The event interval system is designed to work with the overlay layer:

The overlay layer provides the source annotations (start and end points)
The current layer receives the interpolated results
This allows non-destructive interpolation: original annotations remain unchanged

Common pattern: Use manual annotations as overlay, create a new layer for interpolated results:

Current layer: "manual_interpolated" (empty or partially filled)
Overlay layer: "manual" (sparse annotations)
Select interval spanning two manual annotations
Press a to fill intermediate frames in current layer

Interpolating Multiple Labels

Alt+A: Interpolate all labels in the selected interval (not just current label)
Useful when you’ve manually labeled multiple points at the interval boundaries

Design Rationale

Without event intervals, you’d need to:

Manually annotate every frame (tedious for 1000+ frame videos)
Write custom scripts to specify frame ranges
Risk overwriting original annotations during interpolation

With event intervals + overlay system:

Visually select ranges on trajectory plots
Preserve original data in overlay layer
Rapidly fill sparse annotations with optical flow

Architecture: Building on datanavigator

DUSTrack is built on top of the datanavigator package, which provides the foundational video browsing and annotation framework – specifically datanavigator.VideoBrowser, the asset-manager + button-row + state-variable widgets, and the events / _qt scaffolding. Understanding this relationship helps when extending DUSTrack or troubleshooting issues. More importantly, to develop a better understanding of design concepts in DUSTrack’s user interface, you need to dig into the datanavigator package.

Inheritance Hierarchy

datanavigator.VideoBrowser           # Foundational video-browsing GUI
    └── dustrack.DUSTrack            # Public: point-annotation primitives
                                     # + DLC workflow + UI (single class)

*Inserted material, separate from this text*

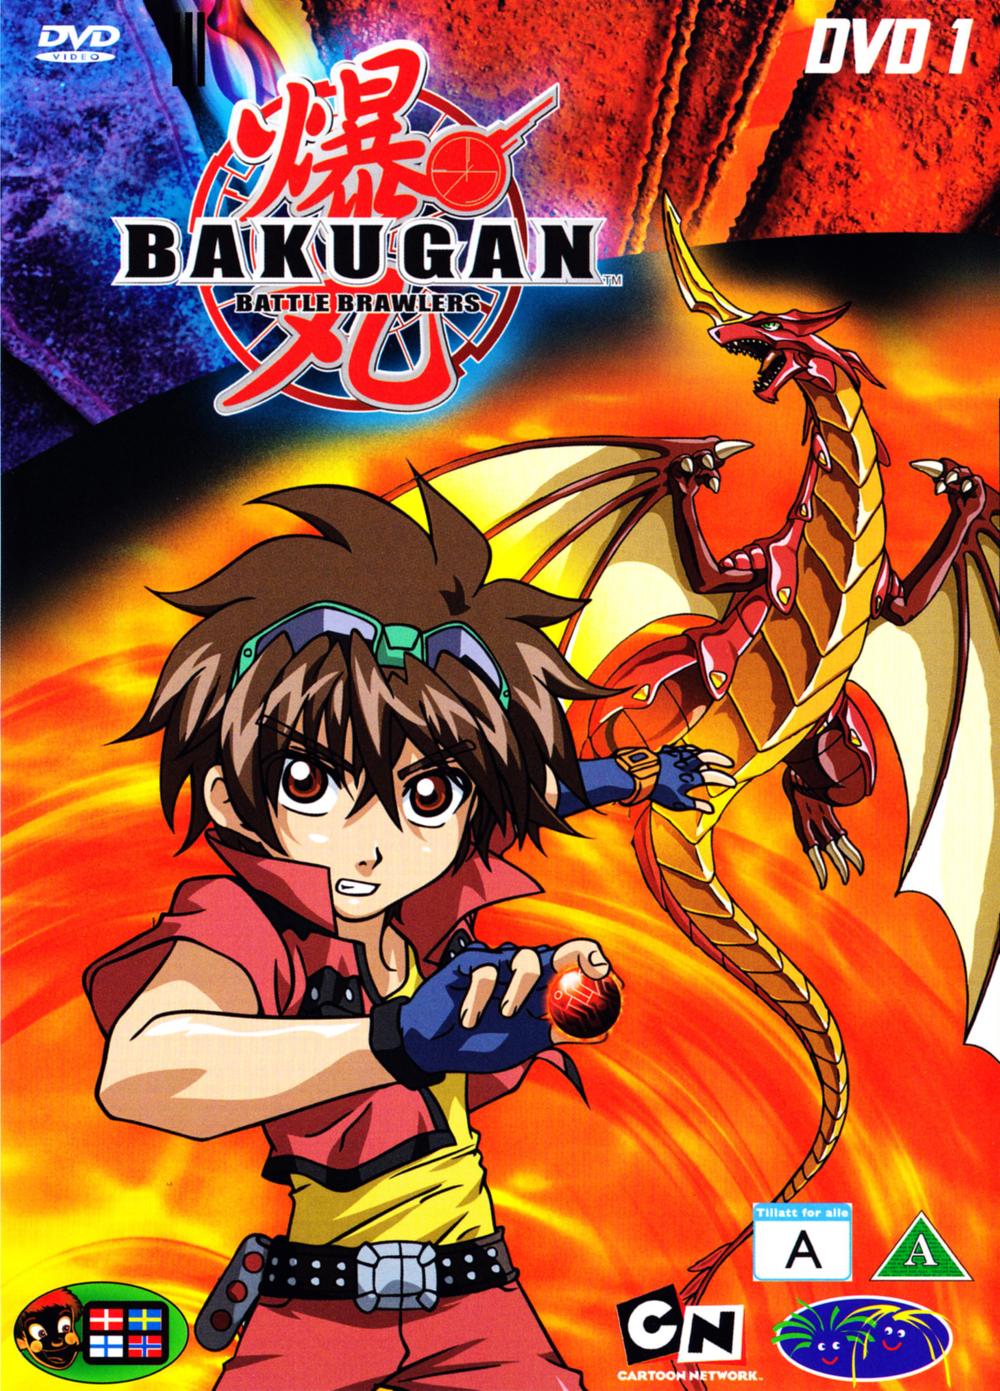 Bakugan Battle Brawlers/Episodes | Toonami Wiki | FANDOM

dustrack.VideoAnnotation             # Annotation data container; ships with
                                     # the LK-RSTC postprocess hook attached
                                     # at import time

Since DUSTrack inherits from datanavigator:

All datanavigator keyboard shortcuts work in DUSTrack
datanavigator documentation applies to basic operations

Note: the point-annotation UI primitives (formerly datanavigator.VideoPointAnnotator) relocated to dustrack in 1.2.0a1 as the internal _DUSTrackBase parent class. The 1.2.0rc1 refactor collapsed _DUSTrackBase into dustrack.DUSTrack (a single class is easier to navigate, and the parent/child split was no longer load-bearing). Headless / mpl-only constructions (the test suite, scripted render paths) pass fast_render=False to opt out of the Qt image pane.